Le tout dernier roman de Aude LE CORFF, vous l'avez lu ?
Non, pas encore ! Et bien, si vous cherchez une bonne action à réaliser aujourd'hui, je crois qu'un passage dans votre librairie préférée s'impose.
Vous ne sauverez pas la planète, ça non, les générations qui vous ont précédées ont lancé un mouvement tel que ses effets sont maintenant inéluctables, mais vous soutiendrez la création littéraire et plus généralement les métiers du livre, chapeau ! Je suis prête à lancer aussi les paris que vous succomberez au charme de la plume de Aude LE CORFF et lirez comme un page-turner l’histoire de Lisa ! Alors, vous êtes convaincu(e) ? Non, pas encore ! Je vous en dis plus.

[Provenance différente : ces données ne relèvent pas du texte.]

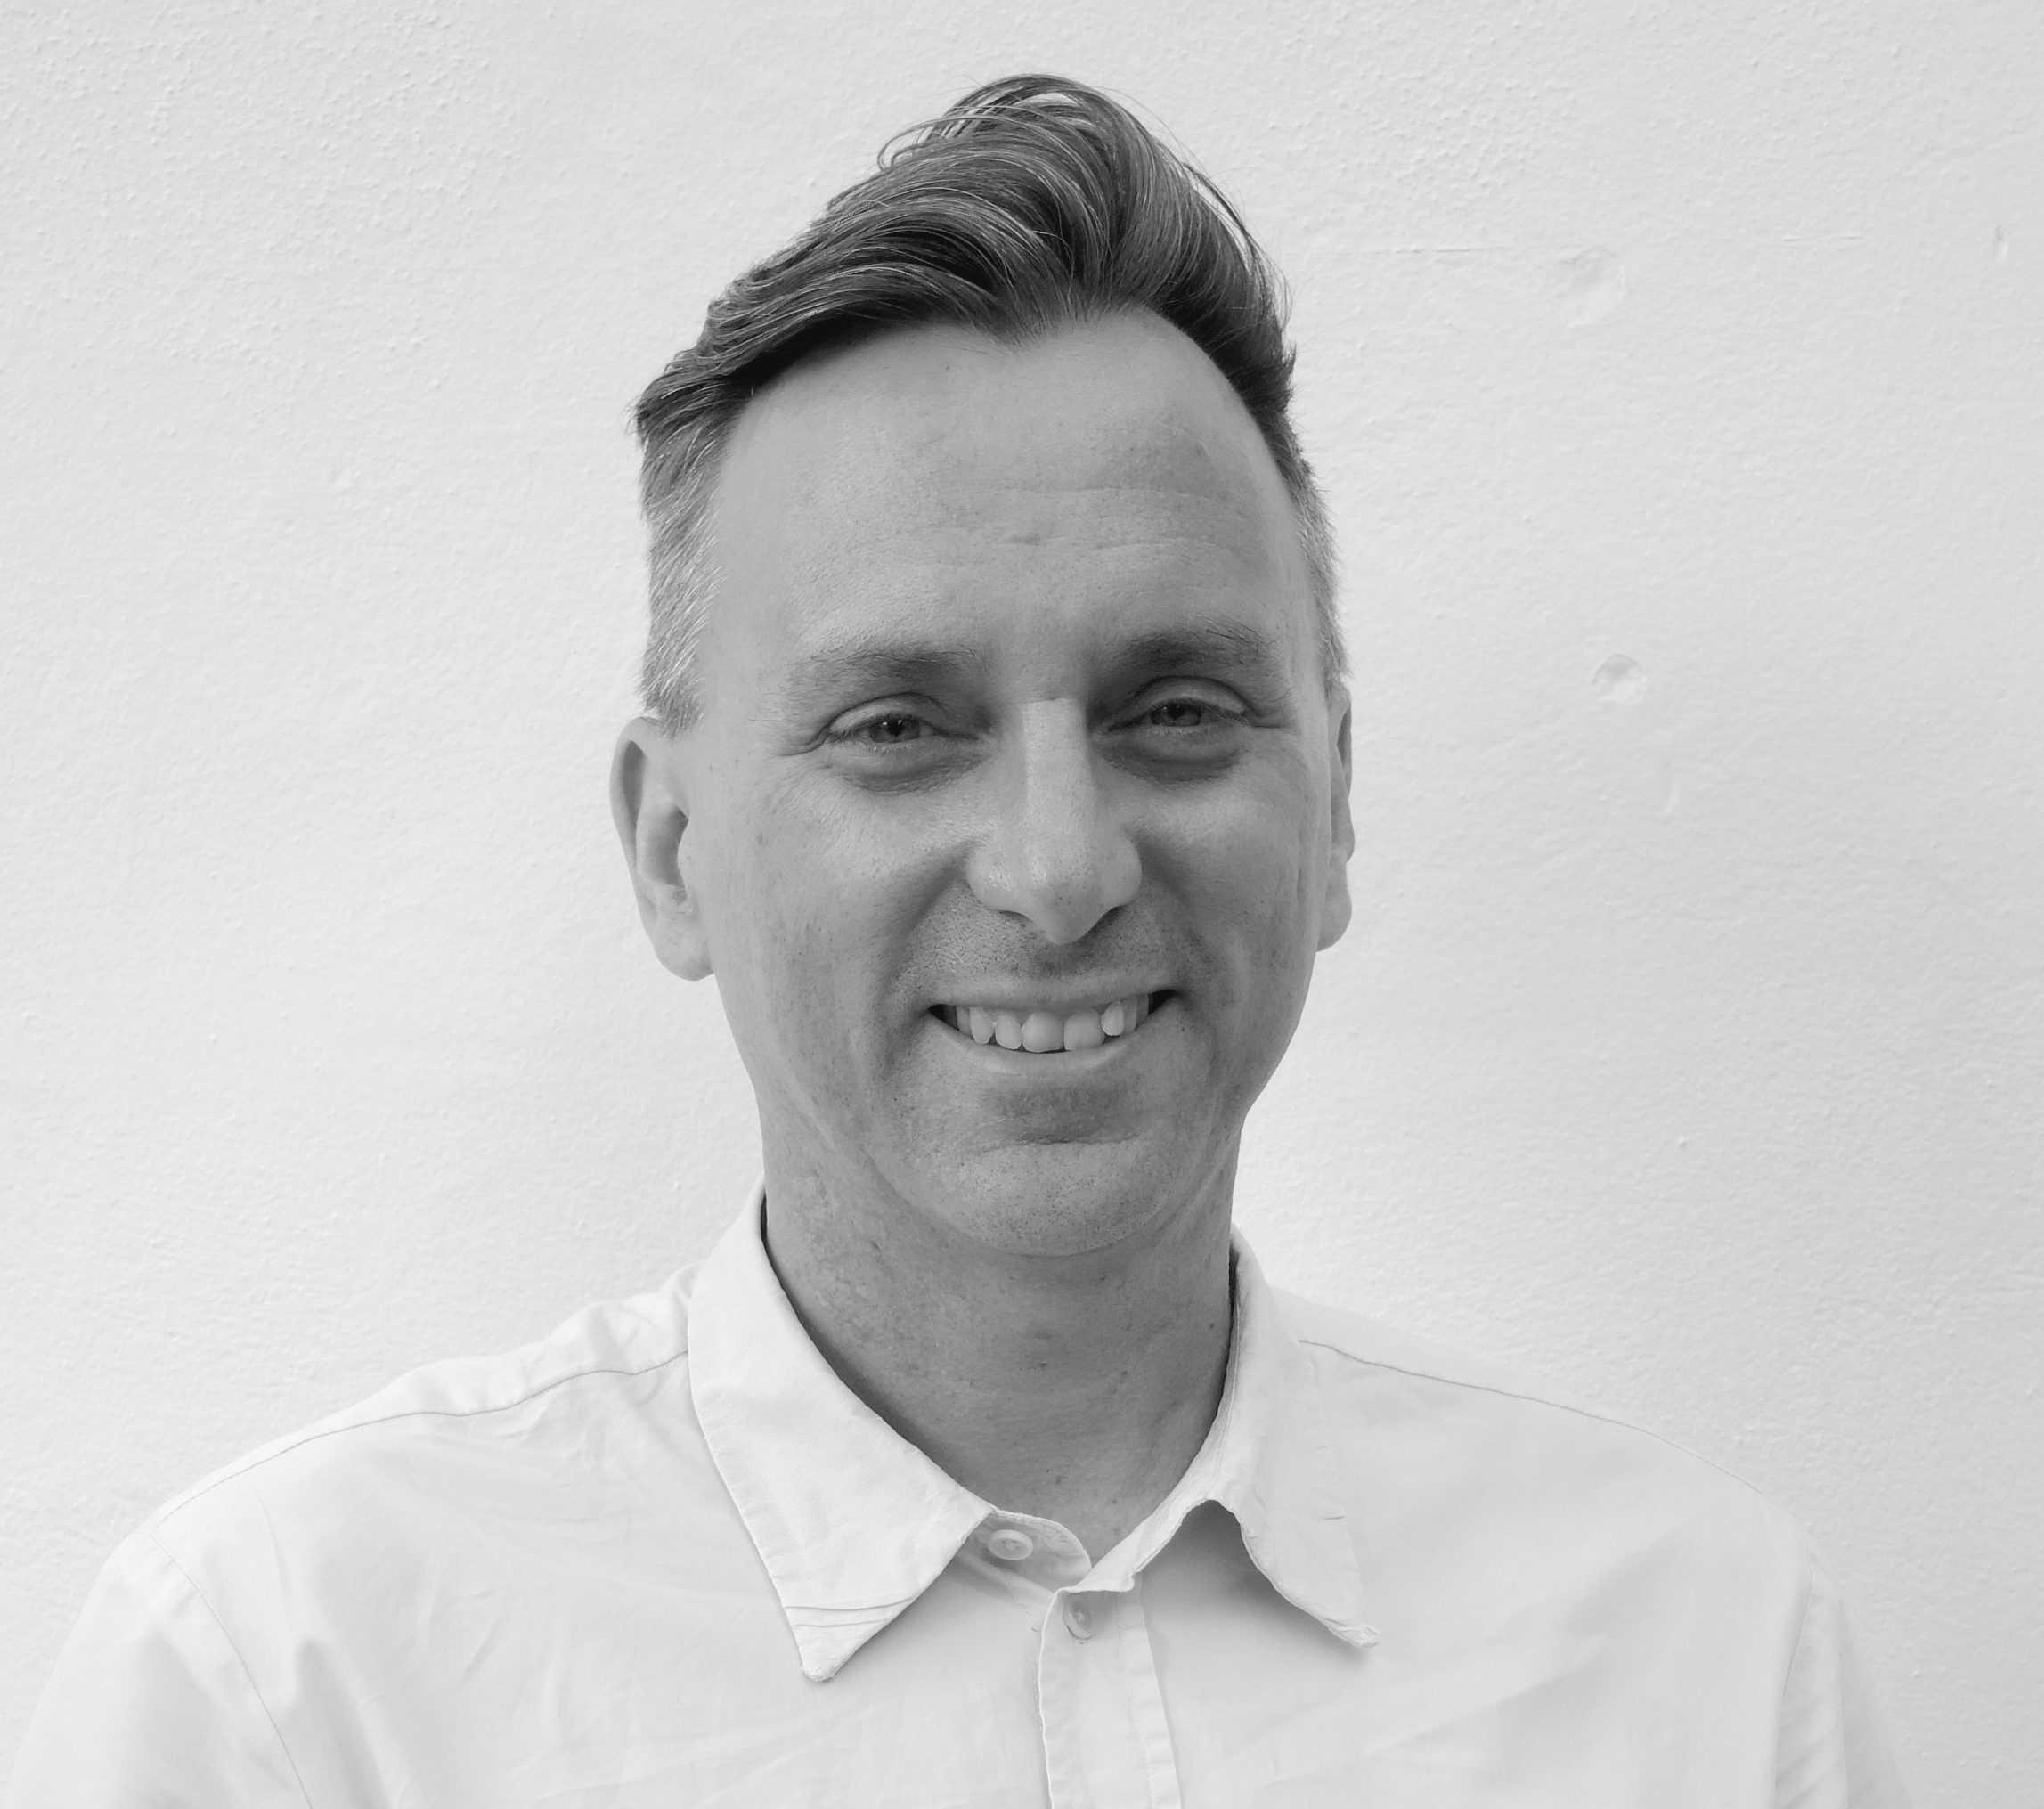 Architect Spotlight: Jayson Blight

Lisa vit seule. C'est l'apanage de nombre d'hommes et de femmes qui, aujourd'hui - nous sommes en 2042, préfèrent la solitude aux concessions imposées par la vie commune. Sa santé est suivie à la loupe par toutes les applications et autres microprocesseurs qui ont envahi sa vie, totalement instrumentalisée par les objets qui l'entourent et qui se chargent, pour son bien, de prendre les choses en main. Les drones et autres robots font partie de son quotidien et réalisent à sa place des tâches qui ne méritent pas que l'on s'y attarde. Et puis, elle est jeune, elle n'a rien connu d'autre. Les générations d'avant peuvent déplorer la fonte des glaciers, la montée des eaux, mais tout ça fait désormais partie de la mémoire collective. Lisa a quand même un ami, en chair et en os, avec qui elle partage quelques soirées. C'est un peu comme une parenthèse dans ses relations de tous les jours, à croire que côtoyer ses congénères a encore du bon ! Elle en profite pour lui confier ses états d'âme. Lisa, qui semble vivre une vie tout à fait ordinaire, est obsédée par un mal qu'elle traîne depuis sa plus tendre enfance, quelque chose qui lui vrille les tripes, qui la torture dans sa chair. Mais d'où vient ce mal ? Et s'il était perpétué par sa mère, Laure ? Mais là commence une toute autre histoire...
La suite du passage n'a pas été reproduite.